0 /|\ _ 0 _ 1 2 3 / /|\ \ /|\ ==find(7)==> 7 4 1 2 3 4 5 6 /| |\ /|\ 8 9 5 6 7 8 9
In the example above, find(7) walks up the tree from 7, discovers that 0 is the root, and then makes 0 be the parent of 4 and 7, so that future find operations on 4, 7, or their descendants will be faster. This technique is called path compression.
Let x be an item whose set we wish to identify. Here is code for find, which returns the identity of the item at the root of the tree.
public int find(int x) { if (array[x] < 0) { return x; // x is the root of the tree; return it } else { // Find out who the root is; compress path by making the root x's parent array[x] = find(array[x]); return array[x]; // Return the root } }
Naming Sets
Union-by-size means that if Microsoft acquires US Air, US Air will be the root of the tree, even though the new conglomorate might still be called Microsoft. What if we want some control over the names of the sets when we perform union() operations?
The solution is to maintain an additional array that maps root items to set names (and perhaps vice versa, depending on the application's needs). For instance, the array "name" might map 0 to Microsoft. We must modify the union() method so that when it unites two sets, it assigns the union an appropriate name.

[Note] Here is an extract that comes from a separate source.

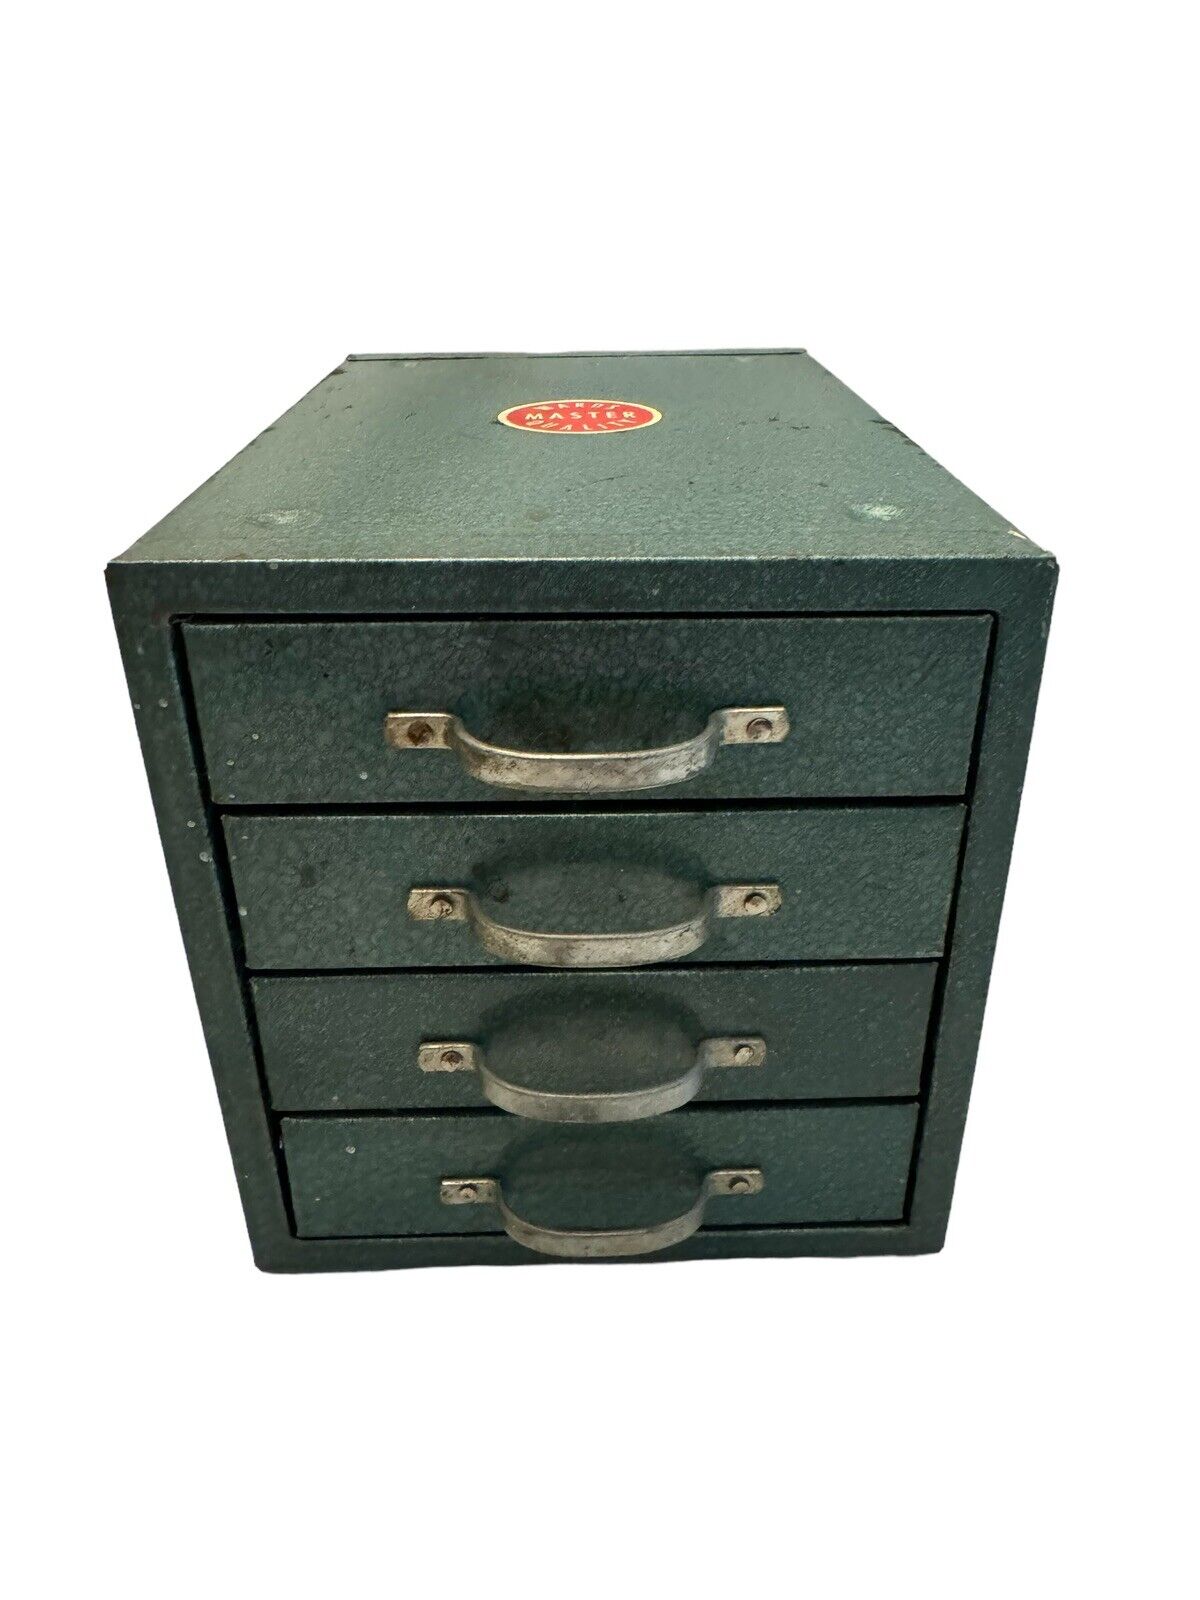 Vintage WARDS Master Quality 4 Drawer Metal Tool Box Small Parts Storage Green

For many applications, however, we don't care about the name of a set at all; we only want to know if two items x and y are in the same set. This is true in both Homework 9 and Project 3. You only need to run find(x), run find(y), and check if the two roots are the same.

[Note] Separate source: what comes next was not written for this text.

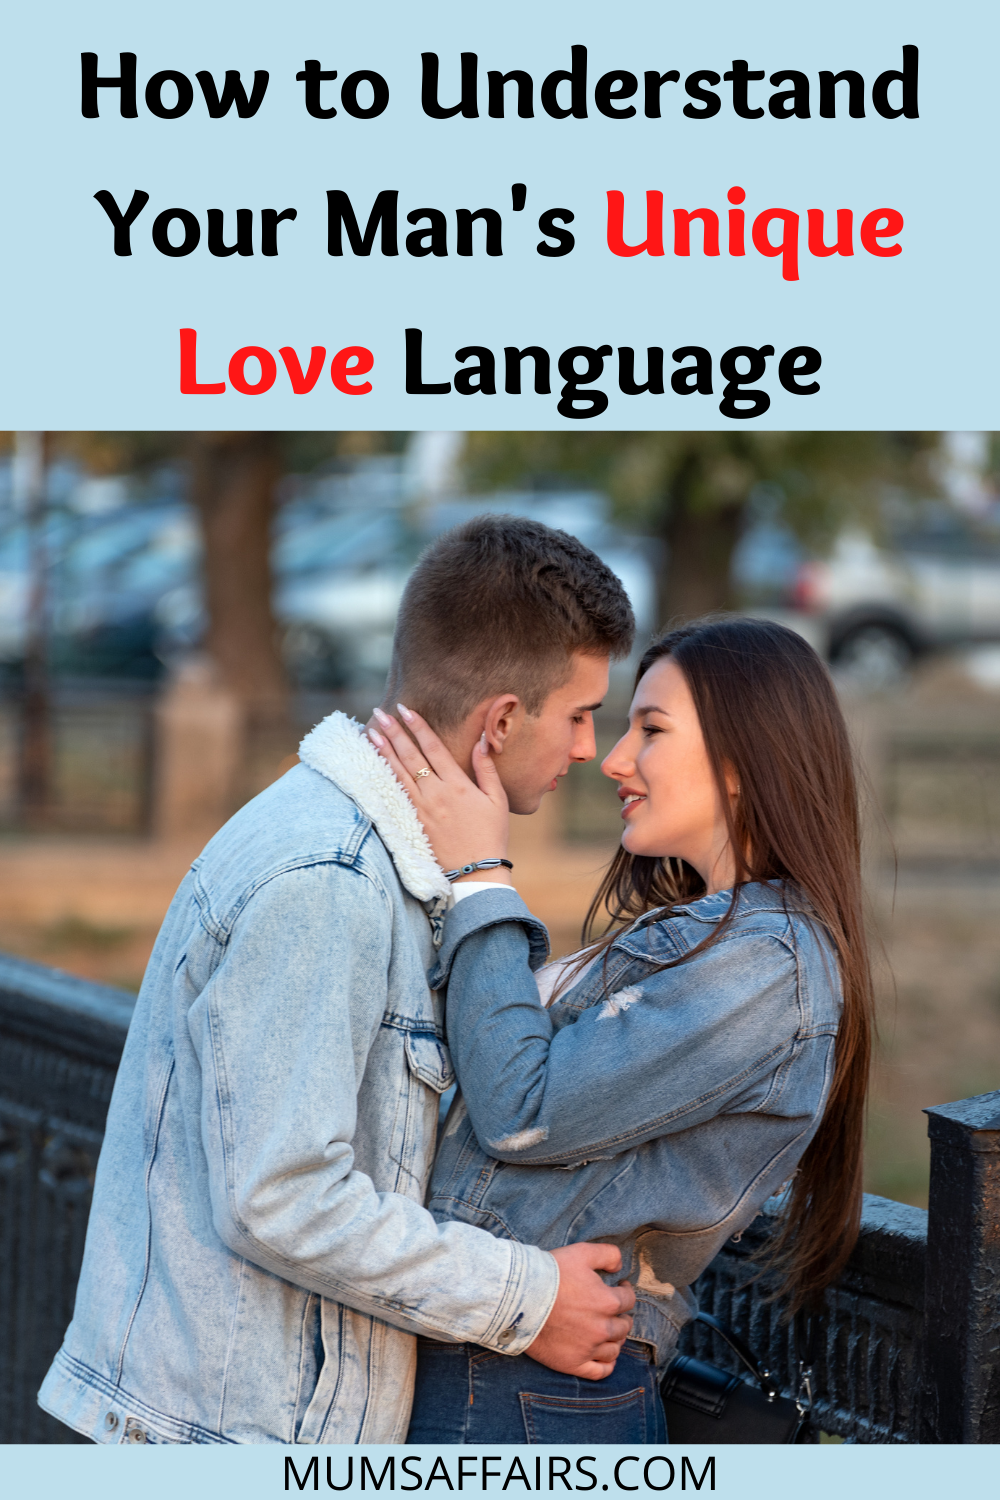 signs of Unique Love Language

Running Time of Quick-Union
Union operations obviously take Theta(1) time. (Look at the code–no loops or recursion.)
If we use union-by-size, a single find operation can take Theta(log u) worst-case time, where u is the number of union operations that took place prior to the find. Path compression does not improve this worst-case time, but it improves the average running time substantially–although a find operation can take Theta(log u) time, path compression will make that operation fast if you do it again. The average running time of find and union operations in the quick-union data structure is so close to a constant that it's hardly worth mentioning that, in a rigorous asymptotic sense, it's slightly slower.
The bottom line: a sequence of f find and u union operations (in any order and possibly interleaved) takes Theta(u + f alpha(f + u, u)) time in the worst case. alpha is an extremely slowly-growing function known as the inverse Ackermann function.

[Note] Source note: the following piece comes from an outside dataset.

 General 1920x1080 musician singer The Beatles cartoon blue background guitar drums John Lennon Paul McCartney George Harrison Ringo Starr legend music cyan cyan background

When I say "extremely slowly-growing function", I mean "comically slowly- growing function." The inverse Ackermann function is never larger than 4 for any values of f and u you could ever use (though it does grow arbitrarily large–for unimaginably gigantic values of f and u). Hence, for all practical purposes (but not on the Final Exam), you should think of quick-union as having find operations that run, on average, in constant time.